━━ Source records ━━

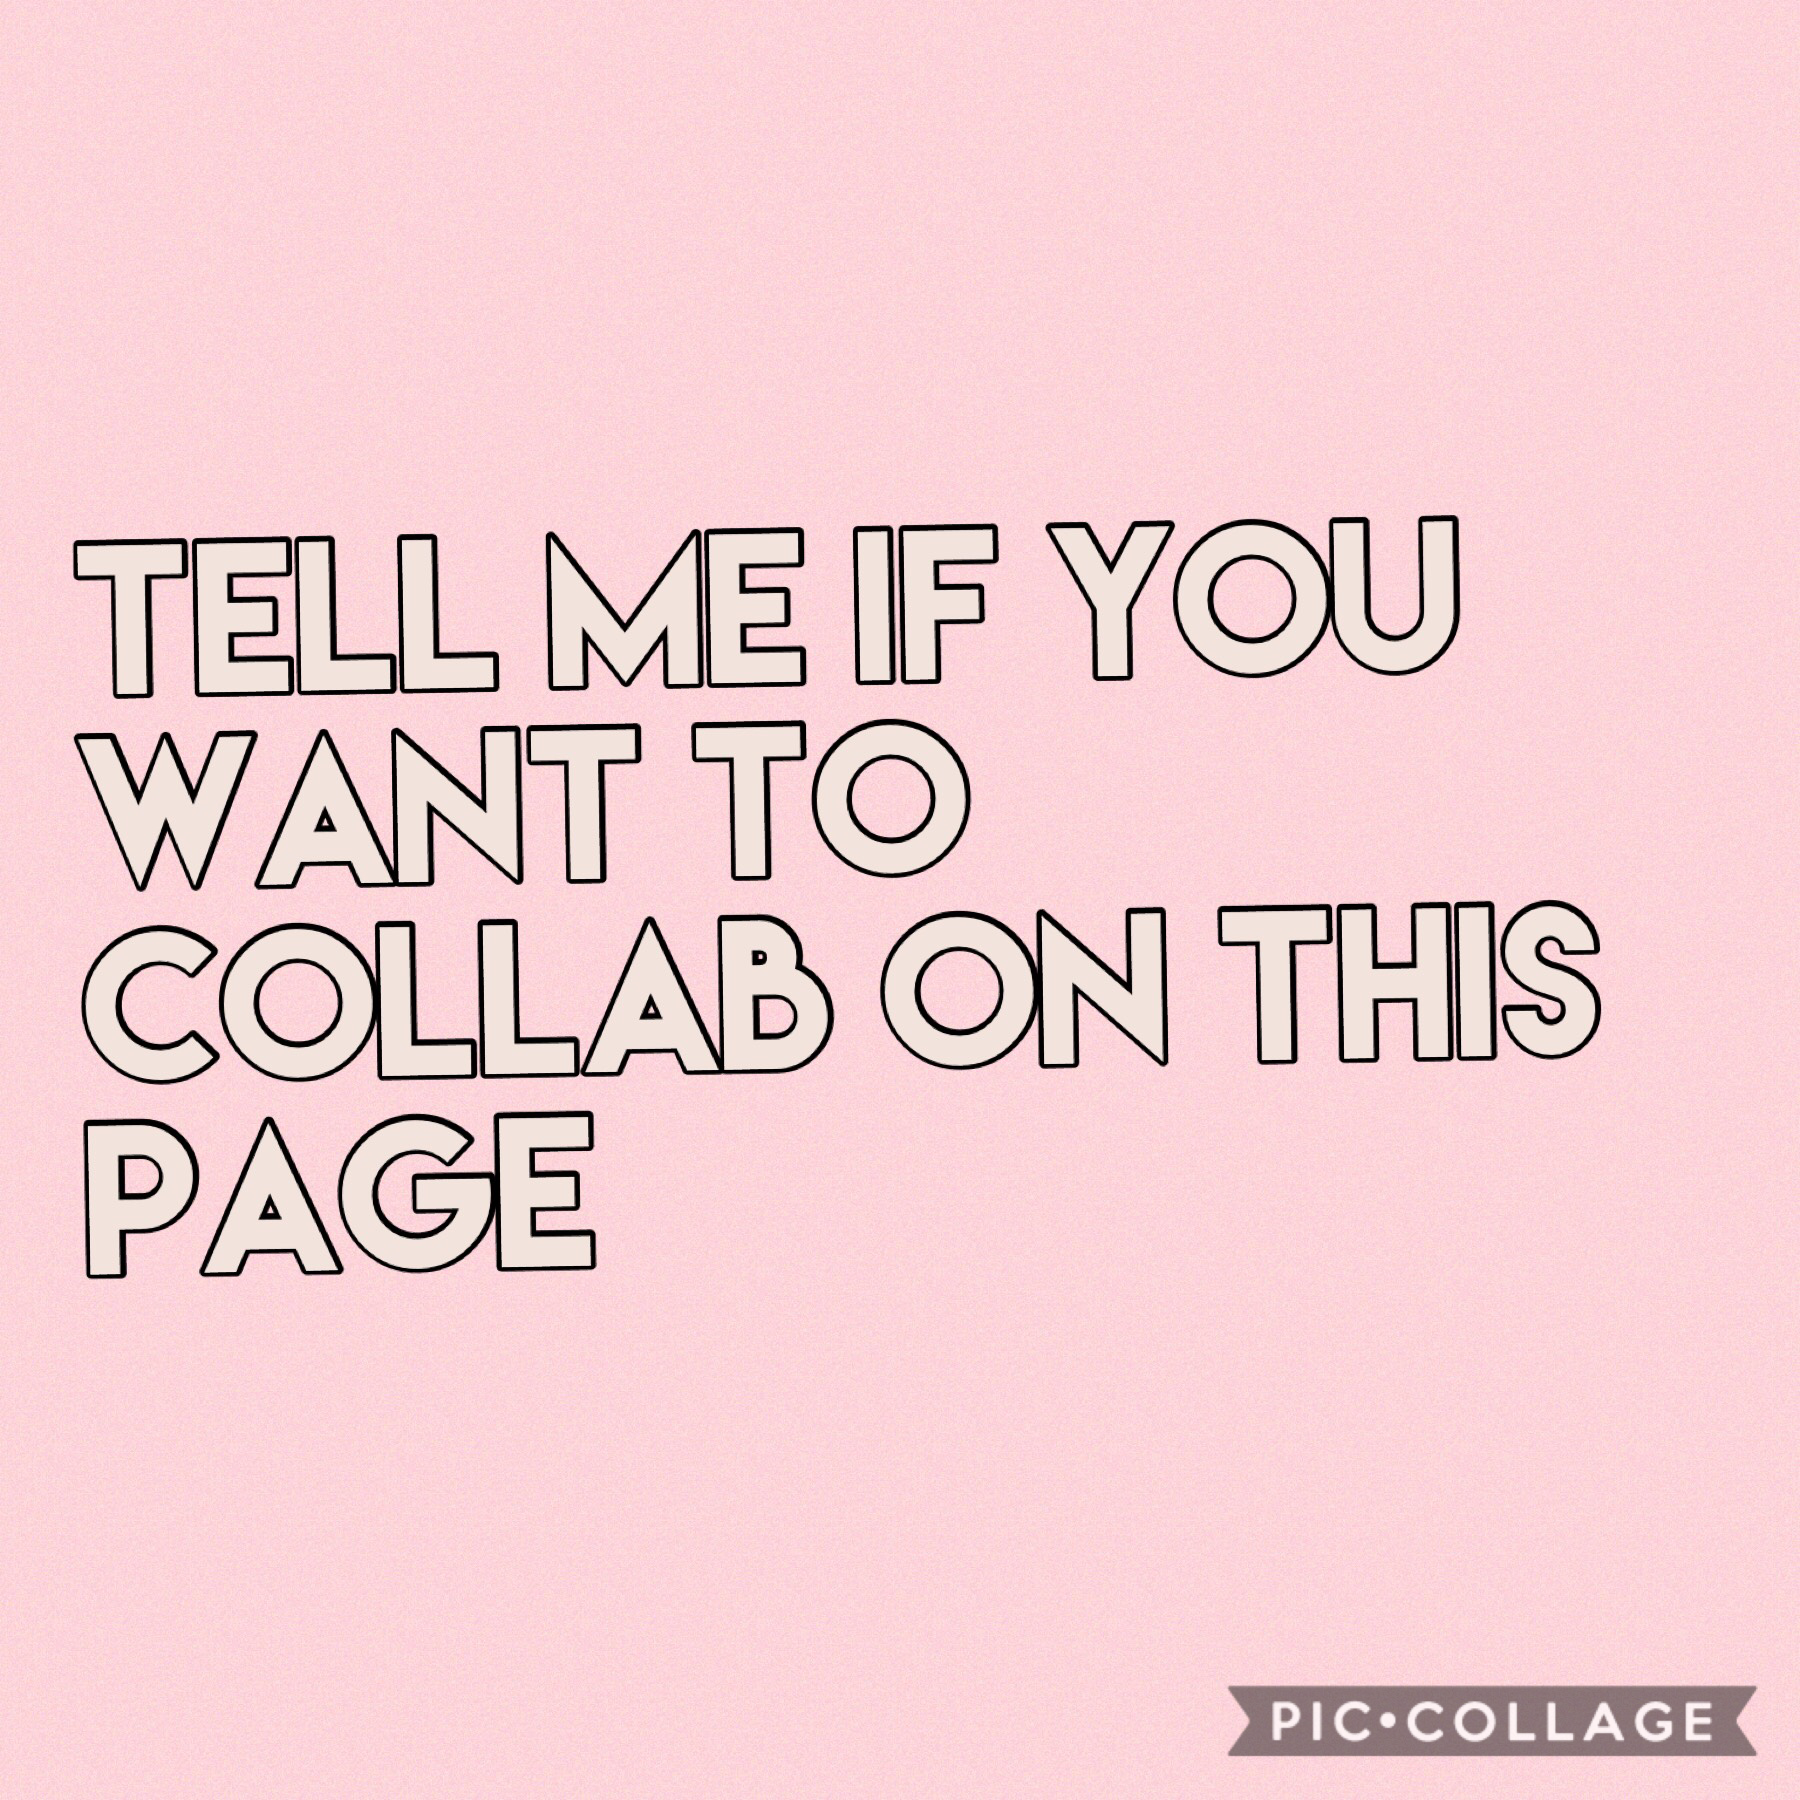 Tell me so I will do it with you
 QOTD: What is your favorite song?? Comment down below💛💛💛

━━━
━━ Source records ━━

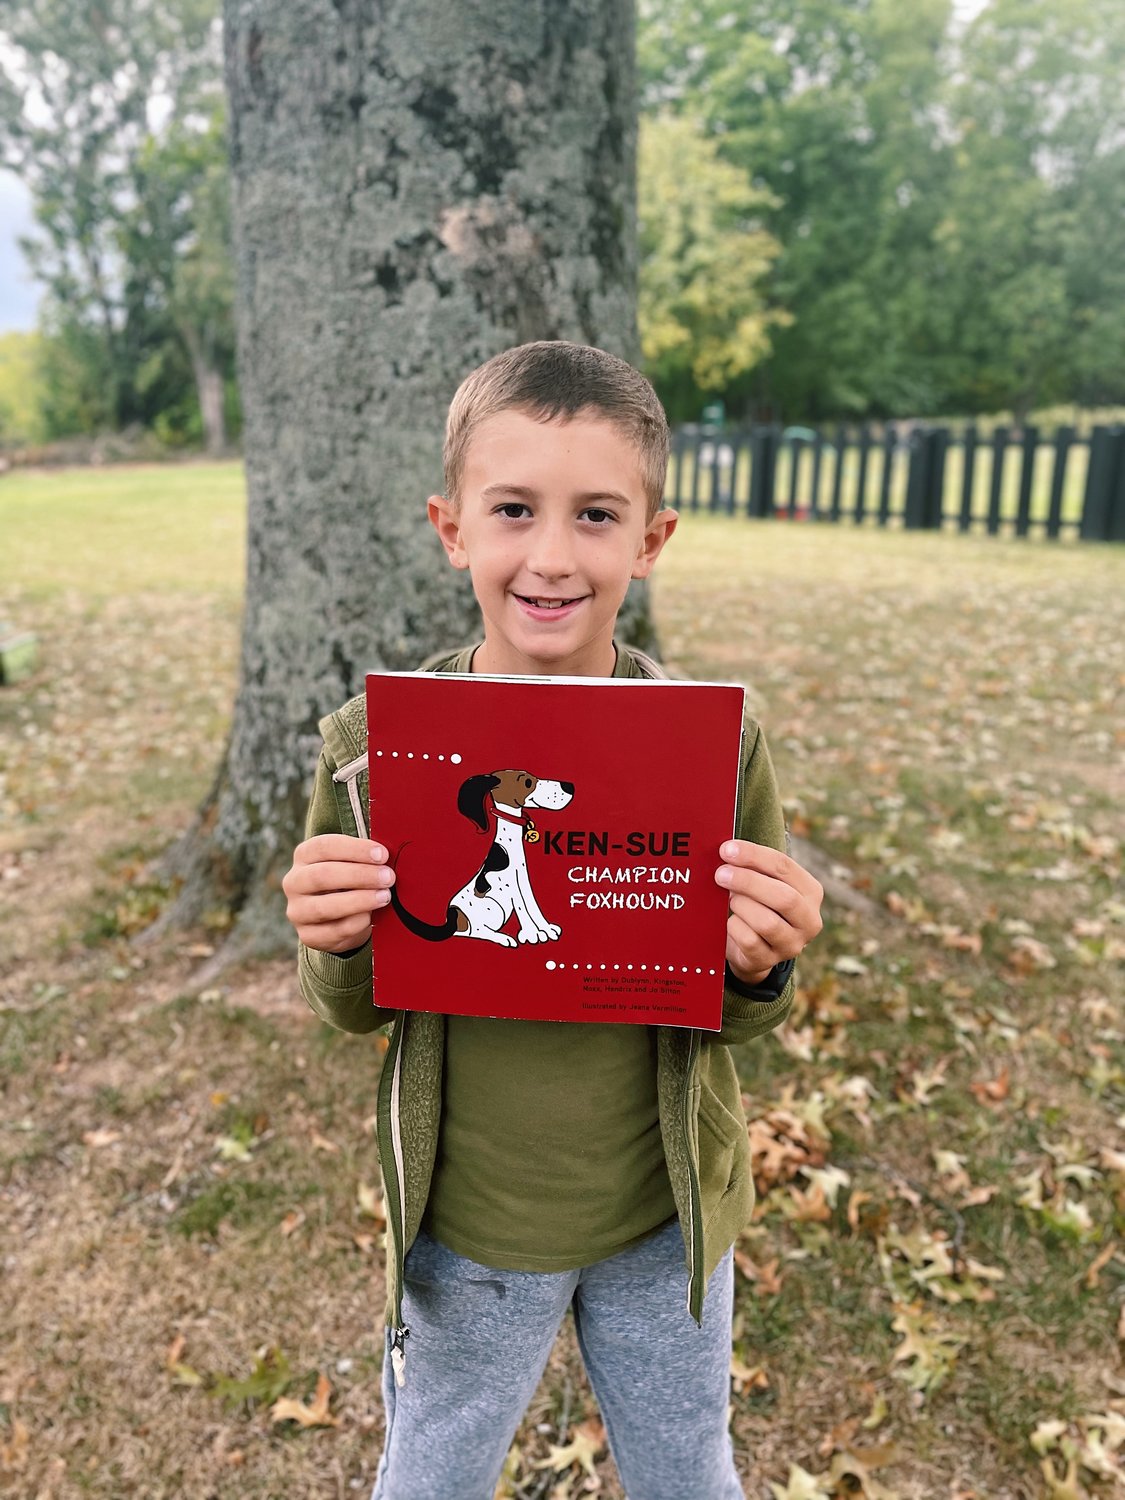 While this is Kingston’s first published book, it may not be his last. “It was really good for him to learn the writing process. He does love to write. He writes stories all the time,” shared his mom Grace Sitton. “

━━━

Start at the line containing "Tell me so I will do it with you" above and stop at the line containing "QOTD: What is". Output those lines exactly, both included, but none of the pictures.

Task output
 Tell me so I will do it with you
 QOTD: What is your favorite song?? Comment down below💛💛💛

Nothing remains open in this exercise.